Вот вторая его пьеса:
Я не люблю тебя; страстей
И мук умчался прежний сон,
Но образ твой в душе моей
Живет, хотя бессилен он.
Другим предавшися мечтам,
Я всё забыть тебя не мог,
Так храм оставленный – все храм,
Кумир поверженный – все бог![99]
На самом последнем листке альбома было написано подражание Байрону:
Нет! Я не требую вниманья
На грустный бред души моей,
Таить от всех мои желанья
Привык уж я с давнишних дней.
Пишу, пишу рукой небрежной,
Чтоб здесь чрез много скучных лет
От жизни краткой, но мятежной,
Какой-нибудь остался след.
Быть может, некогда случится,
Что, все страницы пробежав,
На эту взор ваш устремится
И вы промолвите: он прав!
Быть может, долго стих унылый
Ваш взгляд удержит над собой,
Как близ дороги столбовой
Пришельца – памятник могильный [100].
1831 г.
[Сушкова, стр. 134–135]
* * *
Профессор Малов… был олицетворенная глупость и ничтожество; но как он был всегда деликатен с нами даже до унижения, то мы терпеливо переносили его глупость. В это время он из экстраординарных профессоров был сделан ординарным, и как у глупых людей honores mutant mores[101], то и Малов возгордился новым своим званием и из кроткого и деликатного вдруг сделался строгим и грубым… Однажды, когда мы, по обыкновению, начали шуметь на его лекции и не унимались от его строгих требований тишины, он вышел из терпения и забылся до того, что обругал нас мальчишками и ушел с лекции. Негодование студентов за такое оскорбление было страшное. Такая брань от кого бы то ни было показалась бы нам очень обидною, тем более от такого осла, которого мы только и терпели за его снисходительность. Все студенты ходили взволнованные по аудитории, кричали, как смел такой дурак, как Малов, так оскорблять студентов, и ругали его всячески.
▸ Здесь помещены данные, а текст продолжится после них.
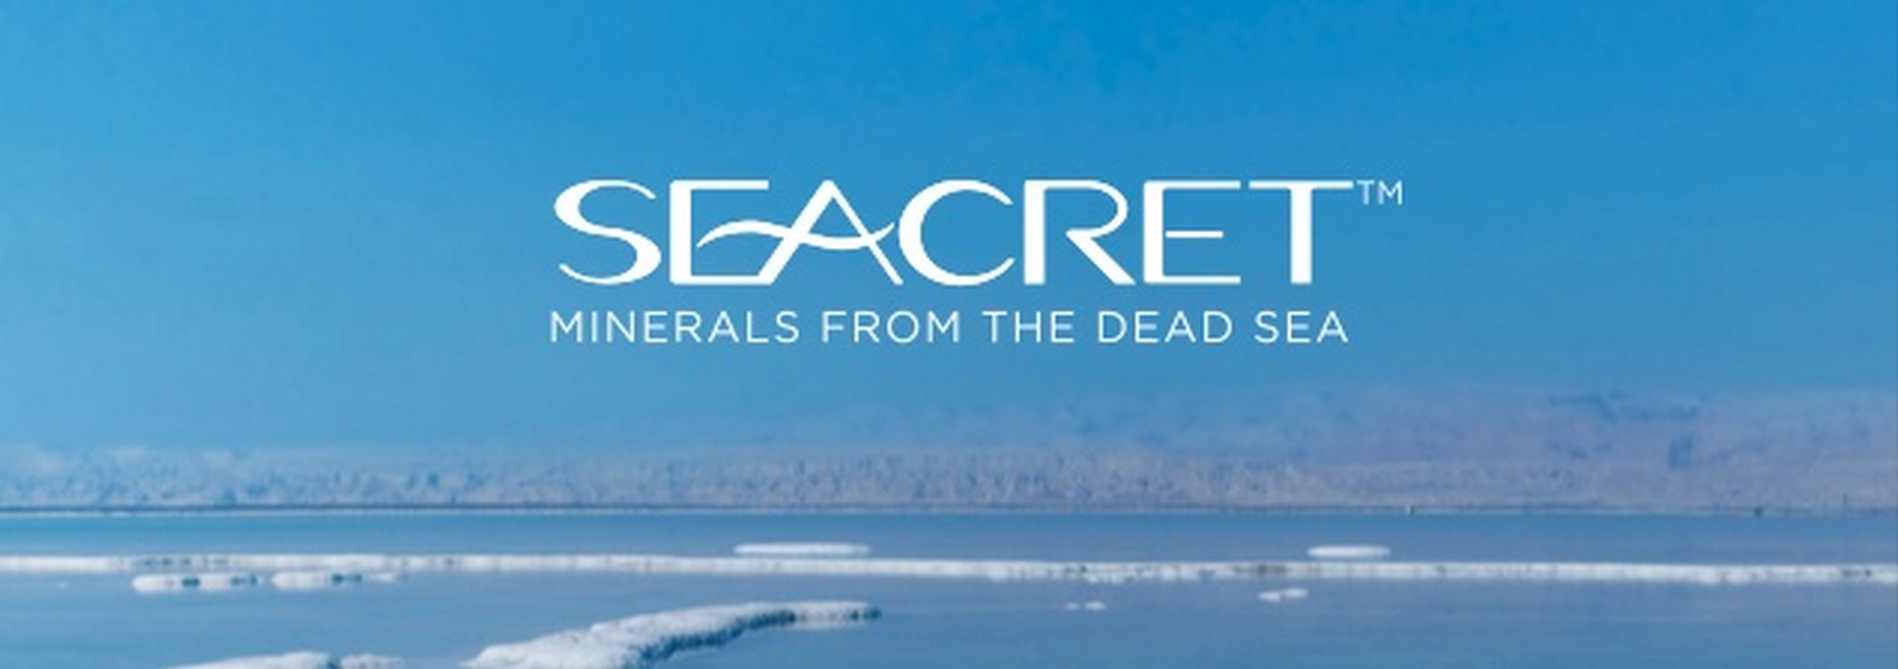 Seacret: A Brand From The Dead Sea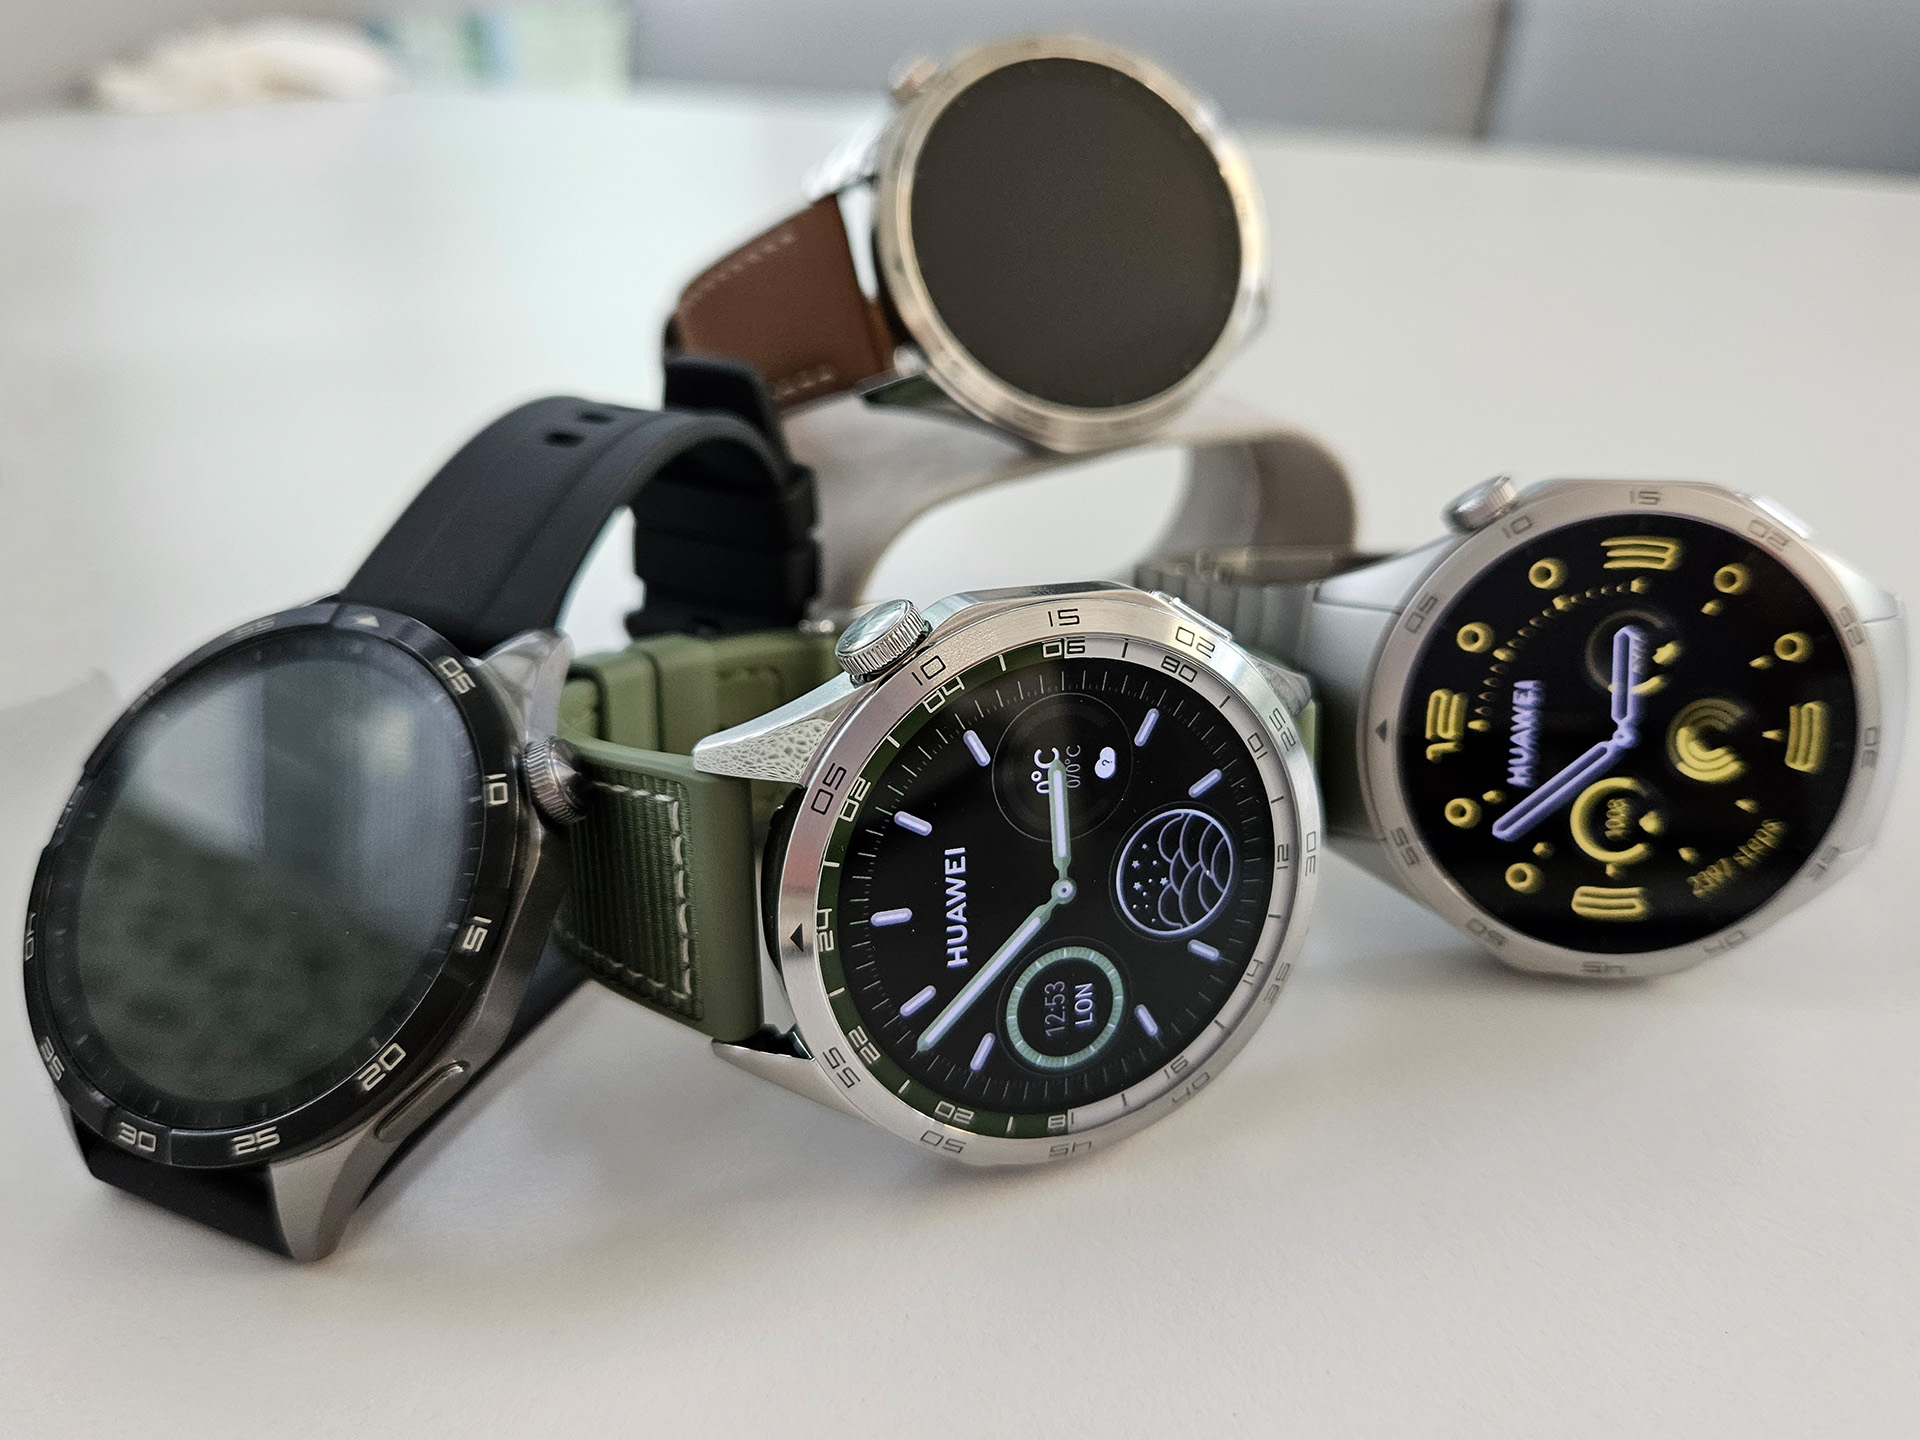 Huawei Watch GT 4 review: Classy and affordable fitness watch

Но весь этот шум и гам, вероятно, кончился бы ничем, если бы не нашелся коновод, который дал бы желанное направление этому движению, и этим коноводом явился я… Слух о нашем намерении сделать скандал Малову распространился и между студентами других факультетов, особливо в словесном факультете, где у нас было много хороших товарищей, которые нам очень сочувствовали и обещали свою помощь; и ненависть к Малову вообще всех студентов, а в особенности необыкновенность такого единодушного действия студентов политического факультета, никогда до сих пор небывалого между ними, возбудили всеобщий интерес и любопытство.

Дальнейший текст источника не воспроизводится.